## Task goal
Would you copy the listing below exactly, keeping the pictures out?

## The data
-------------------------

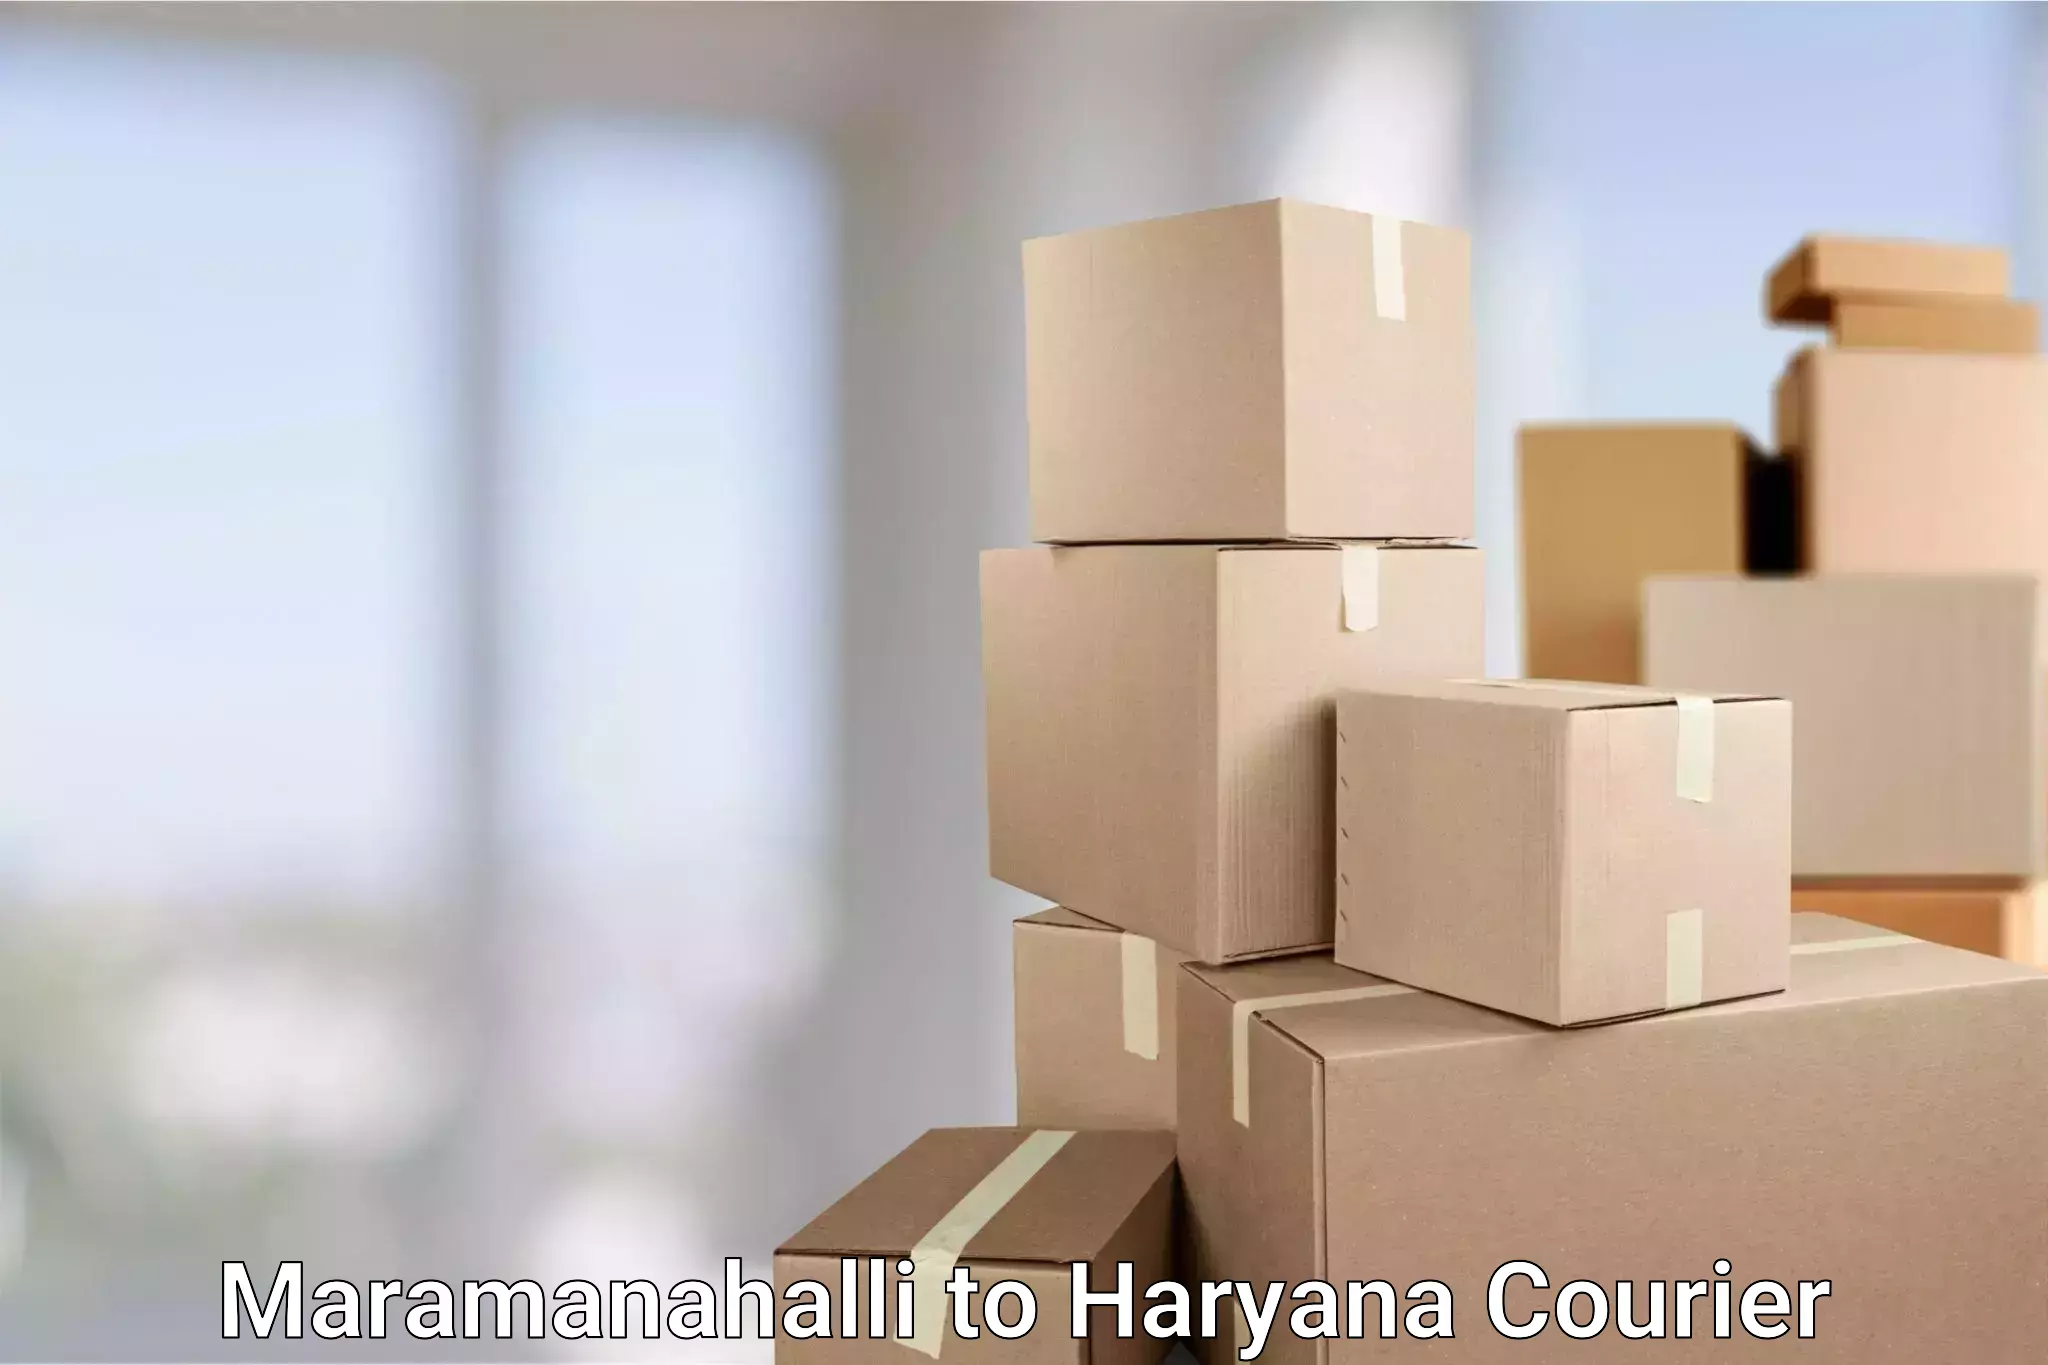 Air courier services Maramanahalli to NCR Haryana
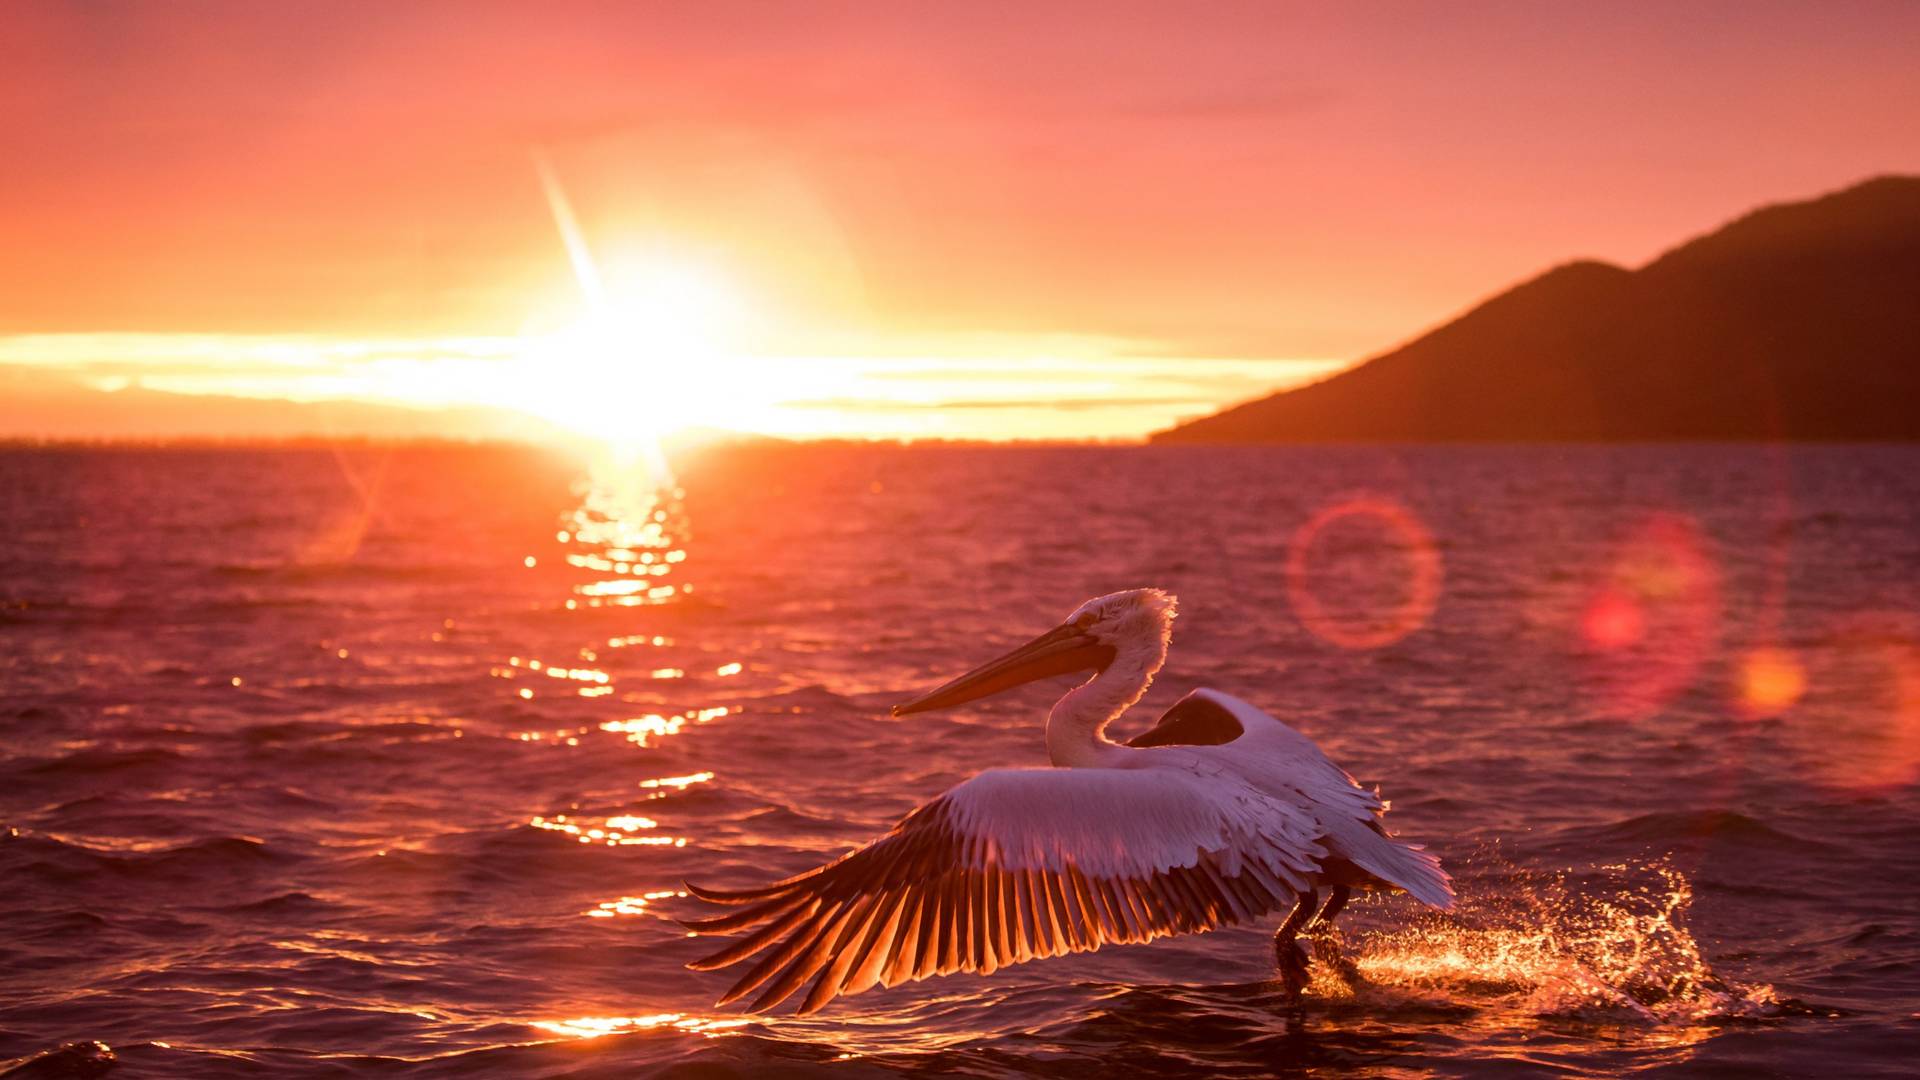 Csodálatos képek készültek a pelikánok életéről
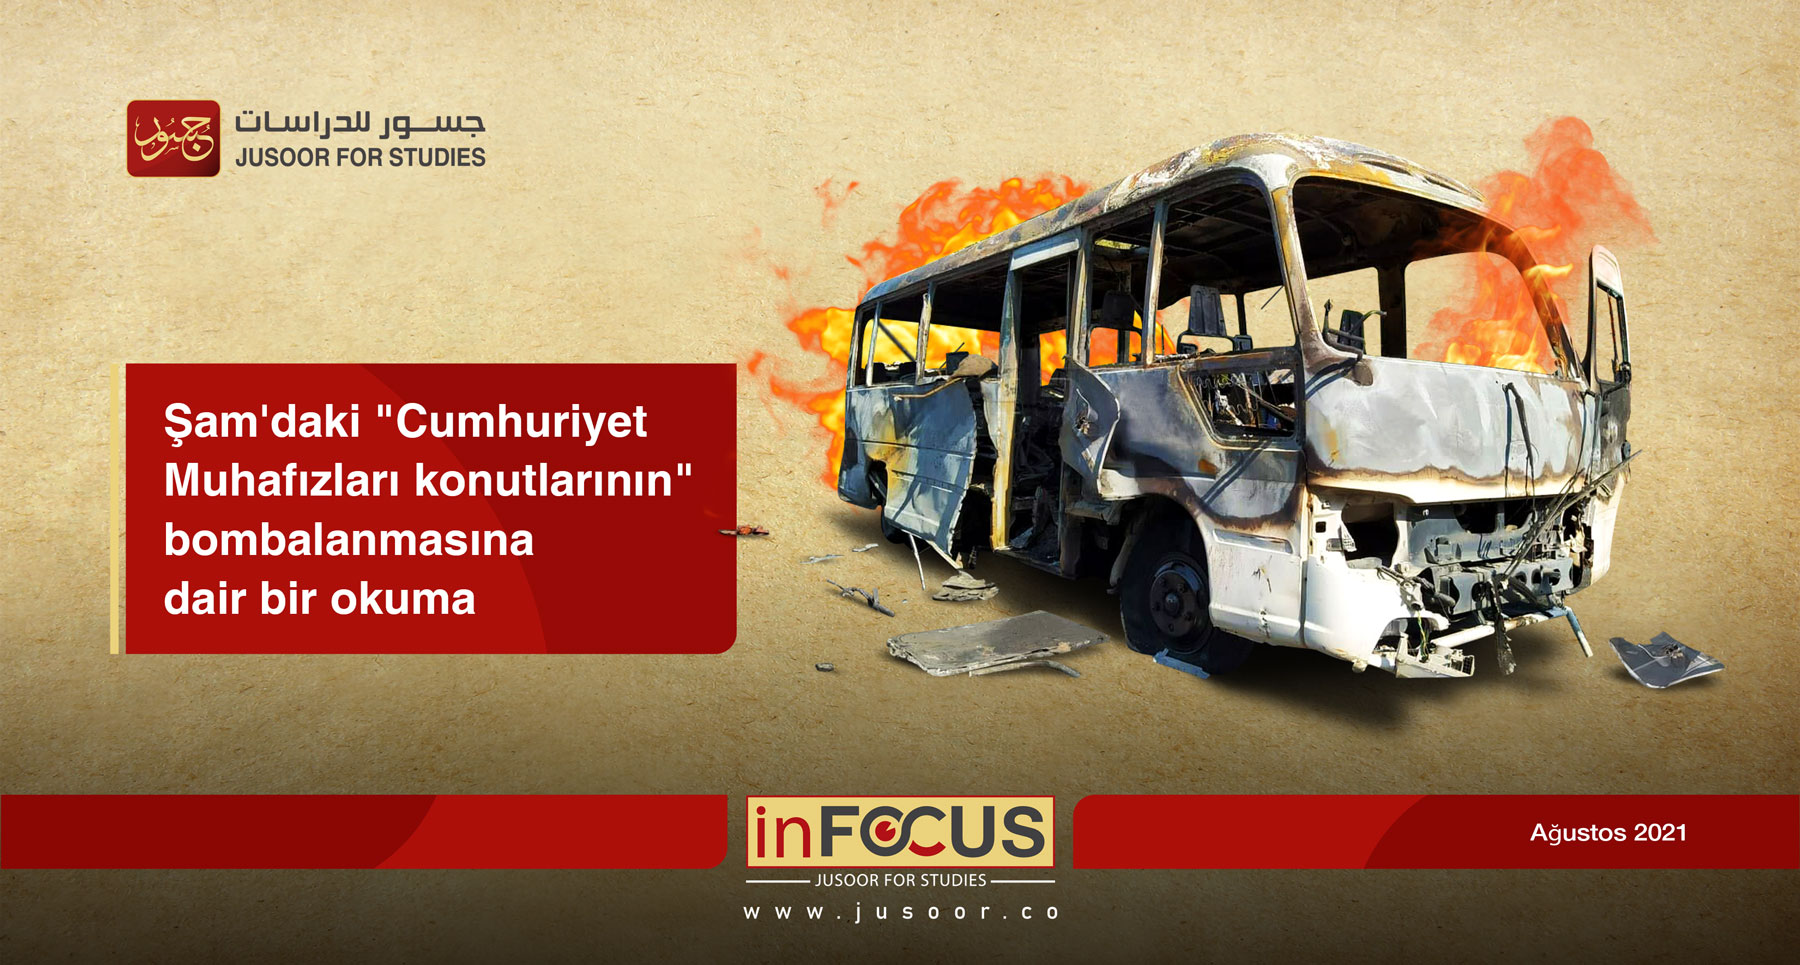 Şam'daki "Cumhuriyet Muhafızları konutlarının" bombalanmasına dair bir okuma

-------------------------

## Exercise result
 Air courier services Maramanahalli to NCR Haryana
 Csodálatos képek készültek a pelikánok életéről
 Şam'daki "Cumhuriyet Muhafızları konutlarının" bombalanmasına dair bir okuma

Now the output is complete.